─── Exercise material

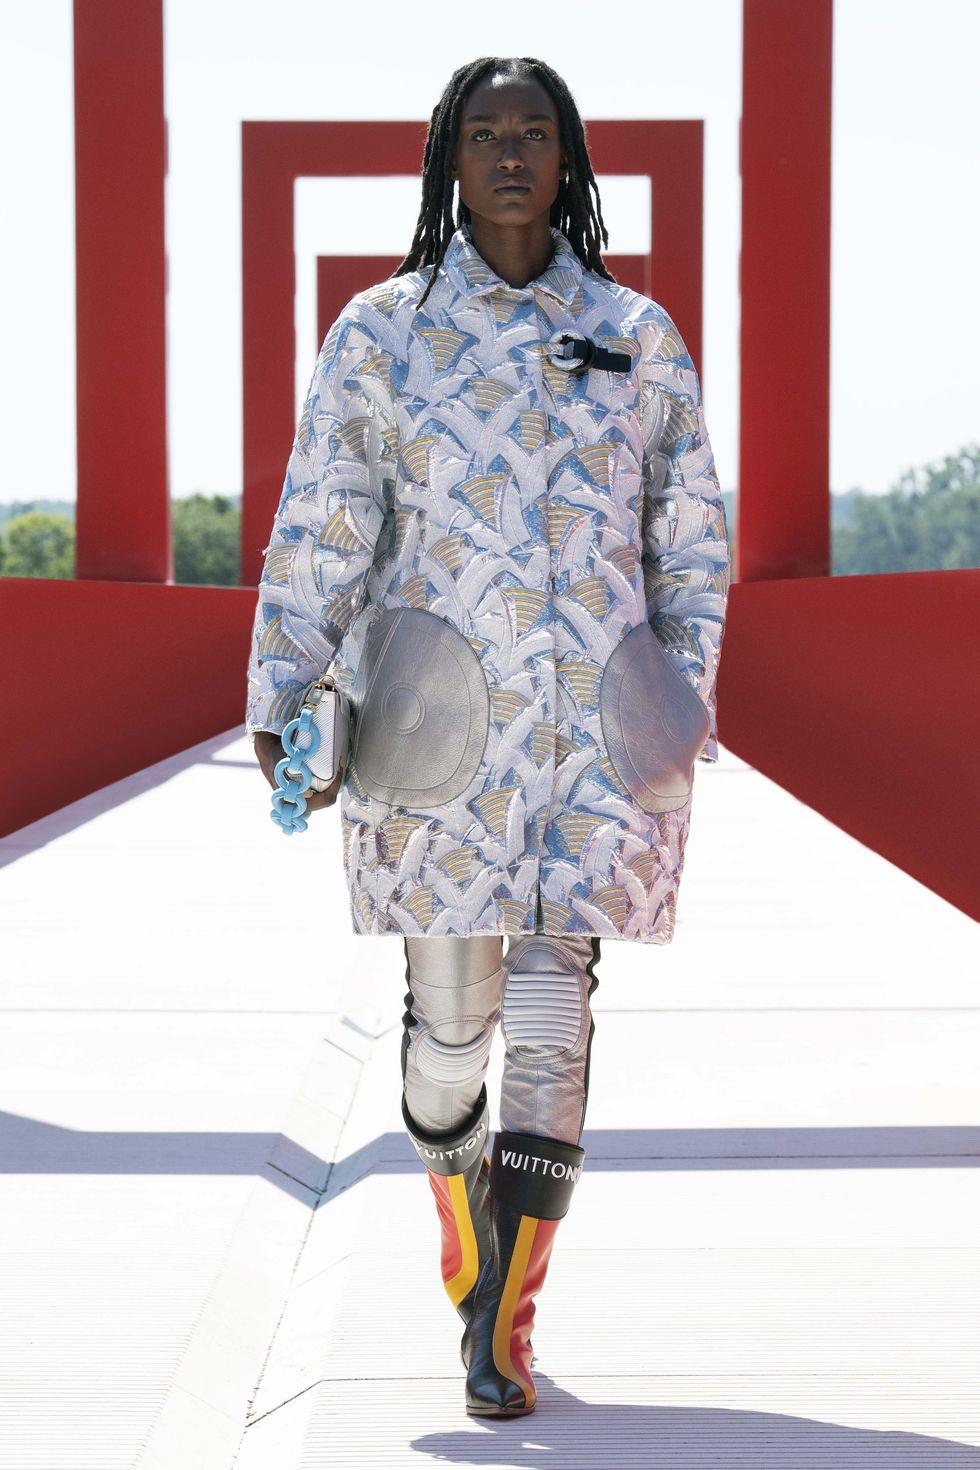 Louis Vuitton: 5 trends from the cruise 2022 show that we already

──────
─── Exercise material

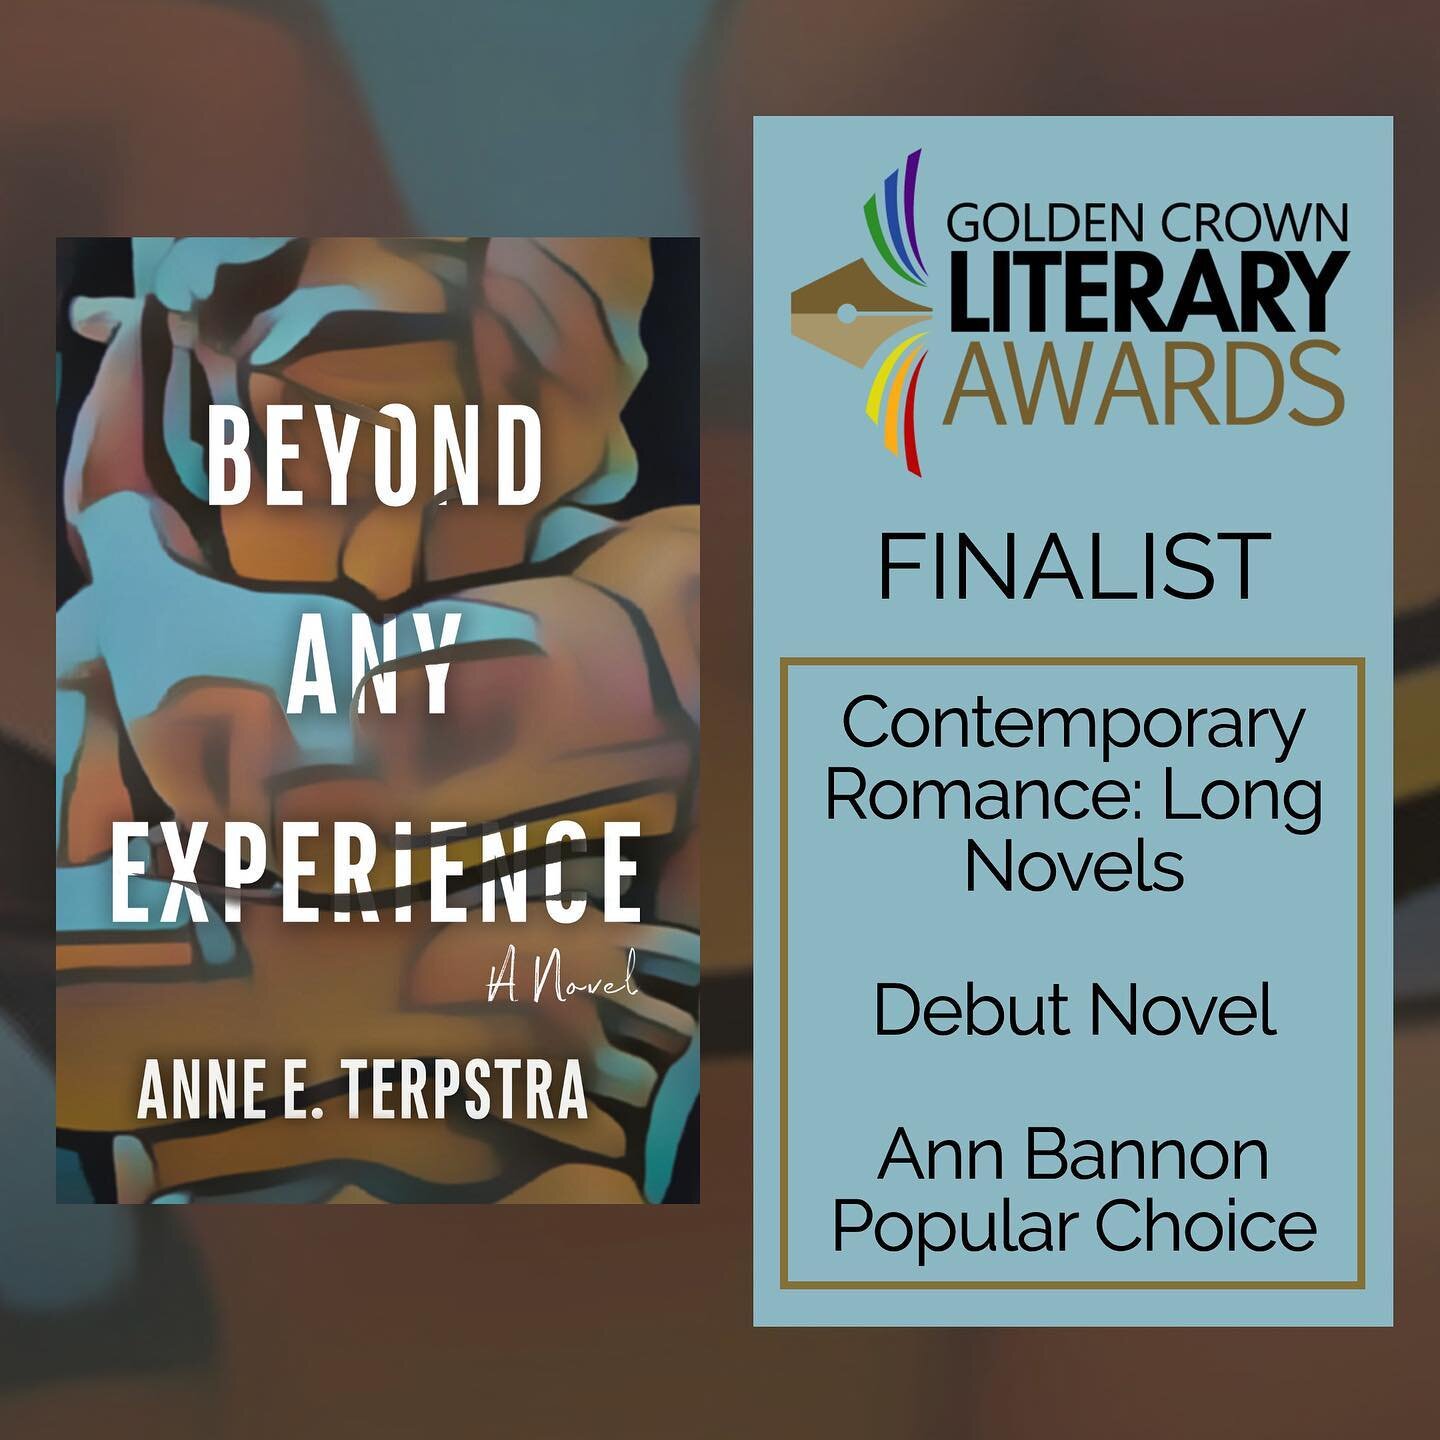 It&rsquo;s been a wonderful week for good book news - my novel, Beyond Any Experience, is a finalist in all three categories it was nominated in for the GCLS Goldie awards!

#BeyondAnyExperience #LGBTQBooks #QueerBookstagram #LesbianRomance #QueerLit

──────

--- Exercise objective ---
From the data above, retype only the lines starting with the line with "It&rsquo;s been a" and going on through the line with "#BeyondAnyExperience #LGBTQBooks #QueerBookstagram", exactly, leaving out the pictures.

--- Answer section ---
 It&rsquo;s been a wonderful week for good book news - my novel, Beyond Any Experience, is a finalist in all three categories it was nominated in for the GCLS Goldie awards!

#BeyondAnyExperience #LGBTQBooks #QueerBookstagram #LesbianRomance #QueerLit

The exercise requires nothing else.